» Work task:
In the entries below, find the line with "- Cloudfoam cushioned insole offers comfort" and print exactly every line from there up to and including the line with "These Adidas trainers are", with no other lines.

--- Material supplied ---

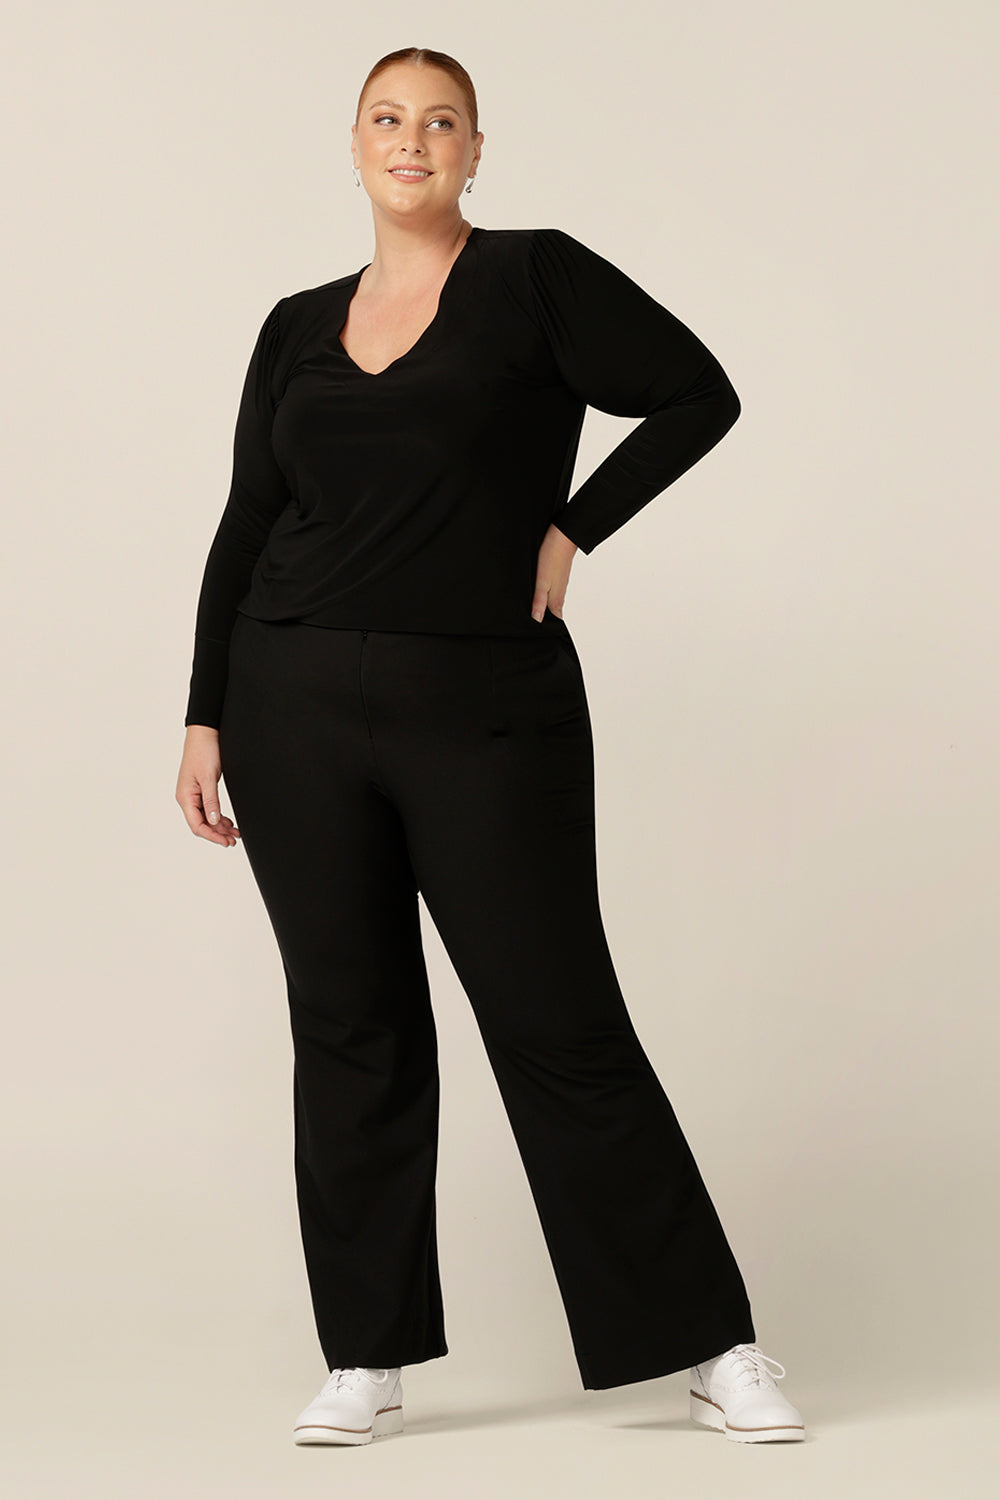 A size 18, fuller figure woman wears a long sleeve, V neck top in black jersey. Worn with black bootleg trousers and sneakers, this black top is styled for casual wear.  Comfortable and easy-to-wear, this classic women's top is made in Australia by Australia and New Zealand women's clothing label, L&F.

---
--- Material supplied ---

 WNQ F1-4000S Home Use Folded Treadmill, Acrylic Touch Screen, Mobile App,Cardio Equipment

---
--- Material supplied ---

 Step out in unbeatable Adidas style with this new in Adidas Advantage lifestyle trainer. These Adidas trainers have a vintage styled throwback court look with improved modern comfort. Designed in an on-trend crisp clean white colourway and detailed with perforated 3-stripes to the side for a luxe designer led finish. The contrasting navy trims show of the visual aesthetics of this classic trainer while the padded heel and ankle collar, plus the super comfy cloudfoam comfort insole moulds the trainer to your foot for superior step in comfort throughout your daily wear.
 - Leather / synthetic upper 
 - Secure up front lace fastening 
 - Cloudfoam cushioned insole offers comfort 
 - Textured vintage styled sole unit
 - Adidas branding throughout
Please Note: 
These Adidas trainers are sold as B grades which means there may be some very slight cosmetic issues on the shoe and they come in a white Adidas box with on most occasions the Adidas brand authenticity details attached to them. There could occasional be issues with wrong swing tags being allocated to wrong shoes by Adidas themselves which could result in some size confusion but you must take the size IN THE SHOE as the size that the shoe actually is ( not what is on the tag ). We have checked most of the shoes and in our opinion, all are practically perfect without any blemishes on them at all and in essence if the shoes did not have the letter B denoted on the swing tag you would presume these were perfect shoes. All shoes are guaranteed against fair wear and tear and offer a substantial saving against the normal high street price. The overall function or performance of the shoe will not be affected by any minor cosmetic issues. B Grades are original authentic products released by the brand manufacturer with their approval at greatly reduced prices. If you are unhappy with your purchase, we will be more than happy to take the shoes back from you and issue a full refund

---

» Task response:
 - Cloudfoam cushioned insole offers comfort 
 - Textured vintage styled sole unit
 - Adidas branding throughout
Please Note: 
These Adidas trainers are sold as B grades which means there may be some very slight cosmetic issues on the shoe and they come in a white Adidas box with on most occasions the Adidas brand authenticity details attached to them. There could occasional be issues with wrong swing tags being allocated to wrong shoes by Adidas themselves which could result in some size confusion but you must take the size IN THE SHOE as the size that the shoe actually is ( not what is on the tag ). We have checked most of the shoes and in our opinion, all are practically perfect without any blemishes on them at all and in essence if the shoes did not have the letter B denoted on the swing tag you would presume these were perfect shoes. All shoes are guaranteed against fair wear and tear and offer a substantial saving against the normal high street price. The overall function or performance of the shoe will not be affected by any minor cosmetic issues. B Grades are original authentic products released by the brand manufacturer with their approval at greatly reduced prices. If you are unhappy with your purchase, we will be more than happy to take the shoes back from you and issue a full refund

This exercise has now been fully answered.